Initial riscv64 vector support (uses standard vector instrinsics for rvv 1.0. Presently VLEN=256 only.)

[mjosaarinen]

Summary:
rv64v support (risc-v vector extension 1.0, which is available on newer application-class silicon.)

Steps:
If your pull request consists of multiple sequential changes, please describe them here:

Performed local tests:

• lint passing
• tests all passing
• tests bench passing
• tests cbmc passing

Do you expect this change to impact performance: Yes/No
yes (risc-v only)

If yes, please provide local benchmarking results.
Roughly 2.5x perf on silicon with vector hardware.

[hanno-becker]

@mjosaarinen If you have nix setup, running autogen should hopefully resolve the linting issues.

[rod-chapman]

Note that on the "fastntt3" branch, there are layer-merged implementations of the NTT and INTT that are highly amenable to auto-vectorization with compilers like GCC 14. Benchmarks of that code on an RV64v target were encouraging, so might provide some inspiration for a fully vectorized, hand-written back-end.

[mjosaarinen]

Note that on the "fastntt3" branch, there are layer-merged implementations of the NTT and INTT that are highly amenable to auto-vectorization with compilers like GCC 14. Benchmarks of that code on an RV64v target were encouraging, so might provide some inspiration for a fully vectorized, hand-written back-end.

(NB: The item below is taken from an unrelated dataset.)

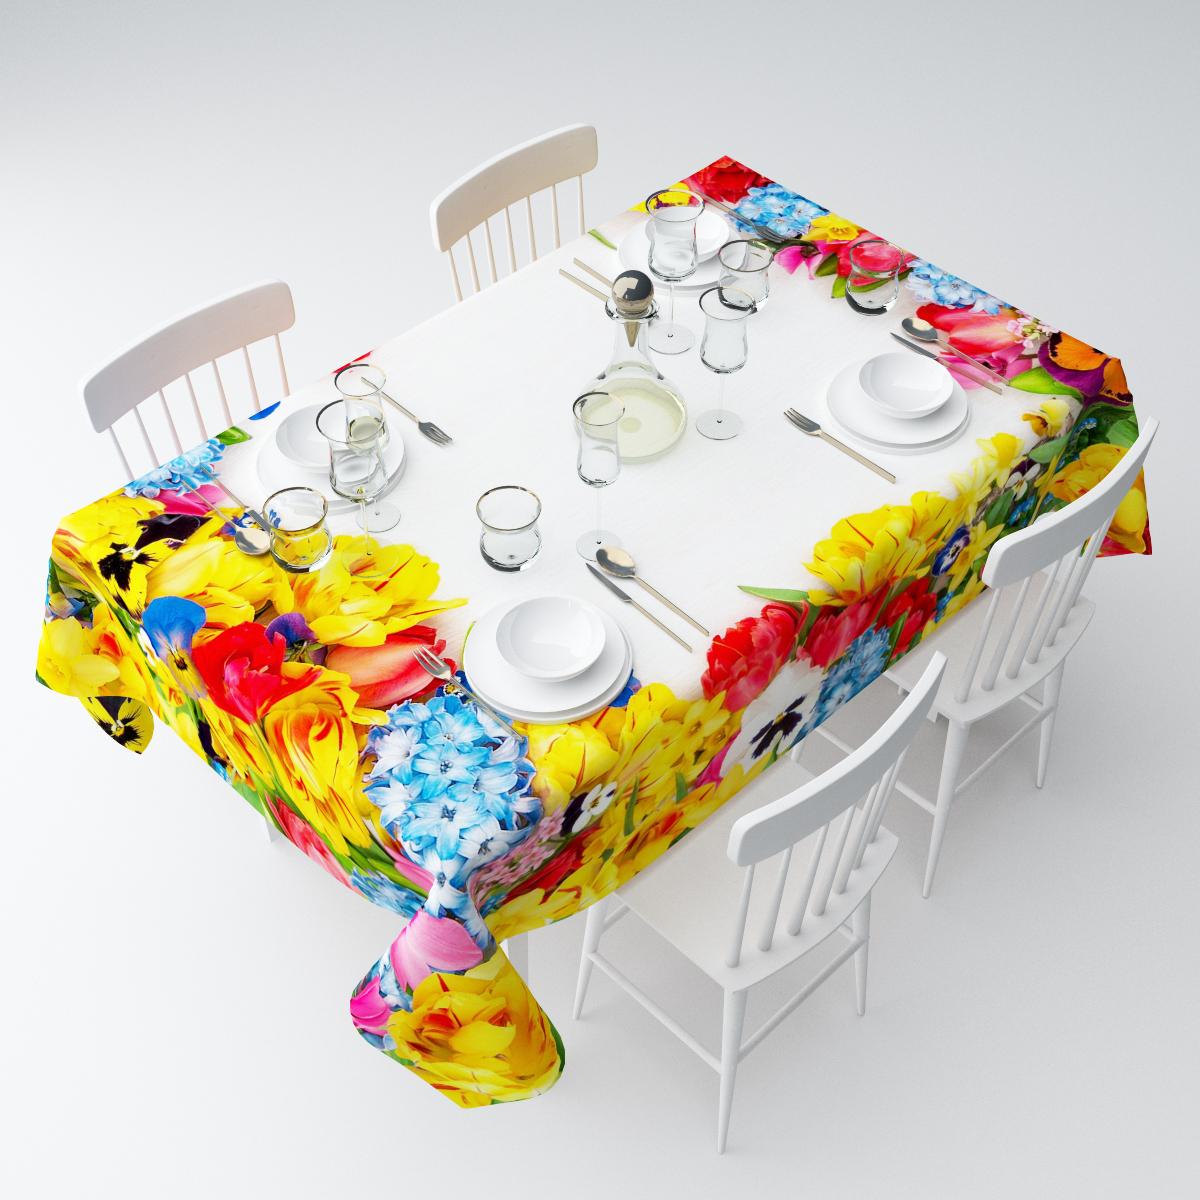 Скатерть Сирень Яркие бутоны цветов, прямоугольная, 145 х 120 смСКГБ003-03454Прямоугольная скатерть Сирень Яркие бутоны цветов, выполненная из габардина с ярким рисунком, преобразит вашу кухню, визуально расширит пространство, создаст атмосферу радости и комфорта. Рекомендации по уходу: стирка при 30 градусах, гладить при температуре до 110 градусов.Размер скатерти: 145 х 120 см. Изображение может немного отличаться от реального.

Yeah you can easily double the speed with autovectorization alone, and some Google folks were of the opinion that they wanted to rely on that entirely in BoringSSL (RISC-V Android etc), rather than maintain a hand-optimized version. The resulting code is pretty wild; I looked at that when considering RISC-V ISA extensions ( see slides 17 for example in https://mjos.fi/doc/20240325-rwc-riscv.pdf ). It was almost "too good" -- I suspect that Google has used those NTTs as a microbenchmark when developing LLVM autovectorizers :)

[mjosaarinen]

@mjosaarinen If you have nix setup, running autogen should hopefully resolve the linting issues.

Yeah, sorry for abusing your CI like that (I wasn't expecting it to be that extensive), I could have just read the documentation. I'll set up this nix thing.

[hanno-becker]

@mjosaarinen Sorry, we should have pointed that out earlier. With the nix environment, you should not need to waste anymore time making the linter happy. Just run format && autogen before pushing.

[hanno-becker]

Suggested change

	/* check-magic: off */
	/* Montgomery reduction constants */
	/* n = 256; q = 3329; r = 2^16 */
	/* qi = lift(Mod(-q, r)^-1) */
	#define MLKEM_QI 3327
	/* r1 = lift(Mod(r, q)) */
	#define MLK_MONT_R1 2285
	/* r2 = lift(Mod(r, q)^2) */
	#define MLK_MONT_R2 1353
	/* in = lift(Mod(n / 2, q)^-1) */
	/* nr = (in * r^2) % q */
	#define MLK_MONT_NR 1441
	/* check-magic: on */
	/* check-magic: 3327 == pow(-MLKEM_Q, -1, 2^16) */
	#define MLKEM_QI 3327
	/* check-magic: 2285 == unsigned_mod(2^16, MLKEM_Q) */
	#define MLK_MONT_R1 2285
	/* check-magic: 1353 == pow(MLK_MONT_R1, 2, MLKEM_Q) */
	#define MLK_MONT_R2 1353
	/* check-magic: 1441 == pow(2,32 - 7,MLKEM_Q) */
	#define MLK_MONT_NR 1441

This auto-checks the magic number explanations in CI.

[hanno-becker]

Those should ultimately be autogenerated via autogen similar to the other twiddles tables (e.g. zetas.inc). You will be able to copy-paste adjust most of it, I think -- from a cursory look, this is different from zetas.inc only in the order of the twiddles.

Do you have time to look into that, or shall me/Matthias do it as a follow-up?

[mjosaarinen]

I will be returning to this code in a couple of weeks, and I don't mind if someone scripts them in the meanwhile. All three tables were generated with throw-away gp-pari statements but are obvious to "reverse engineer" as you note; just a some combo of various orderings of roots-of-unity powers and Montgomery constants. Anyway, I understand what you're after here.